Visual images reconstructed from brain activity

Recent advances in functional neuroimaging have enabled researchers to predict perceptual experiences with a high degree of accuracy. For example, it is possible to determine whether a subject is looking at a face or some other category of visual stimulus, such as a house. This is possible because we know that specific regions of the brain respond selectively to one type of stimulus but not another.

These studies have however been limited to small numbers of visual stimuli in specified categories, because they are based on prior knowledge of the neural activity associated with the conscious perception of each stimulus. For example, we know that the fusiform face area responds selectively to faces, and so we can predict that a subject is looking at a face if that area is active, or some other visual stimulus if it is not.

Researchers from the ATR Computational Neuroscience Laboratories in Kyoto, Japan have now made a significant advance in the use of fMRI to decode subjective experiences. They  report a new approach which uses decoded activity from the visual cortex to accurately reconstruct viewed images which have not been previously experienced. The findings are published in the journal Neuron.

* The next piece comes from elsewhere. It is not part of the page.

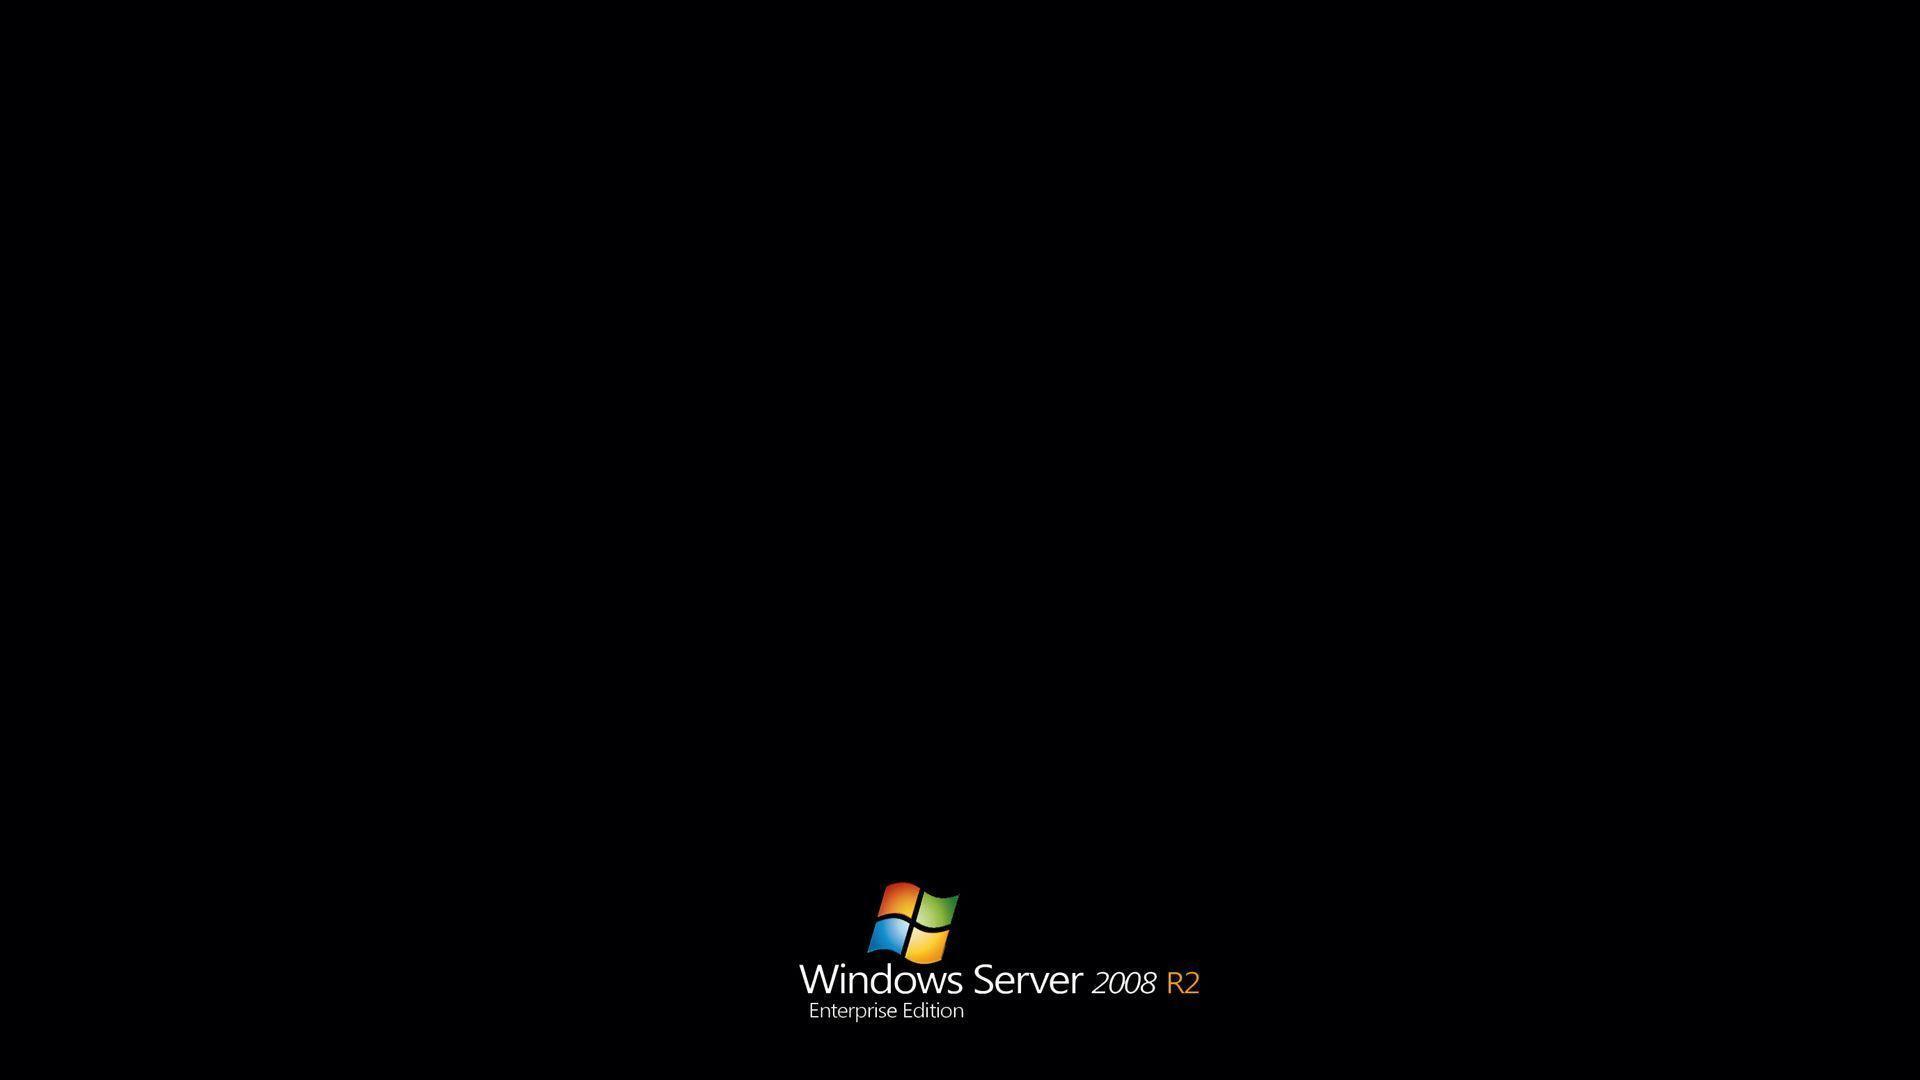 Windows Server 2008 Wallpaper 55355 Wallpaper. wallpicsize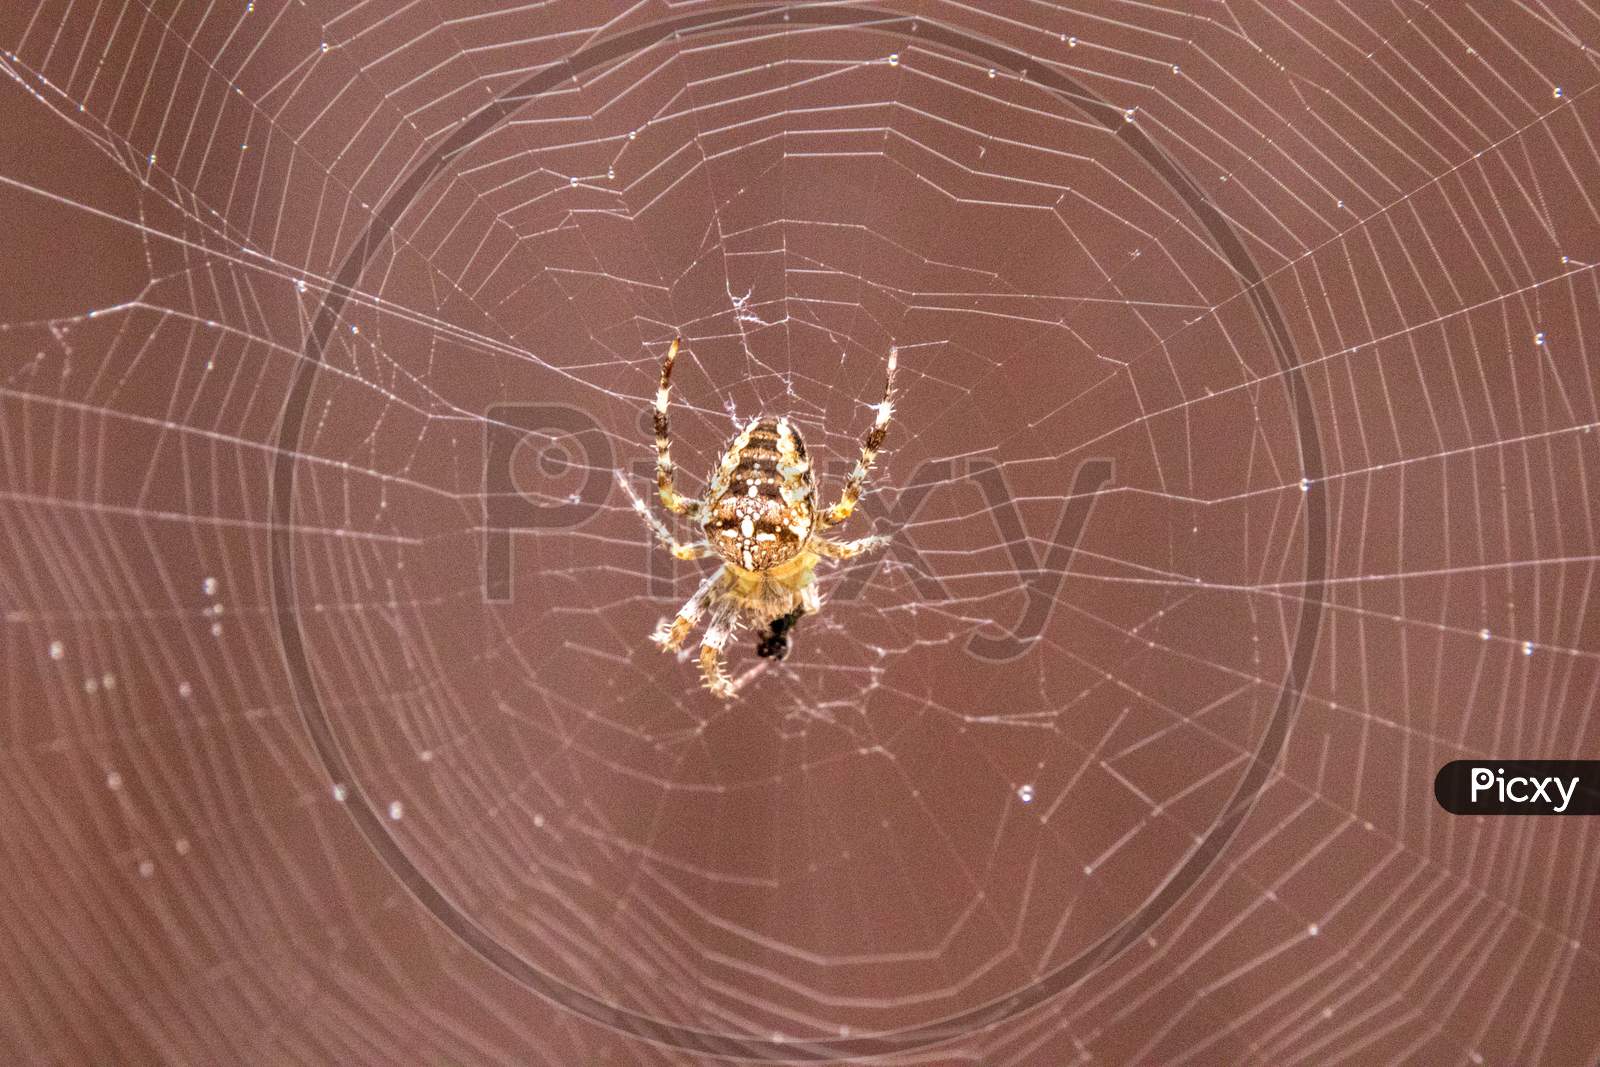 Spider Web Design

Yoichi Miyawaki and his colleagues exploited the functional properties of the visual system for their method. Specifically, they utilized a feature called retinotopy, whereby the spatial relationships between components of an image are retained as visual information passes through the visual system. Adjacent parts of an image are encoded by neighbouring neurons in the retina, and the topography remains in place when the information reaches the primary and secondary visual cortical areas (areas V1 and V2, respectively). Here, the so-called "simple" cells of the visual cortex encode the simplest components of the image, such as contrast, bars and edges.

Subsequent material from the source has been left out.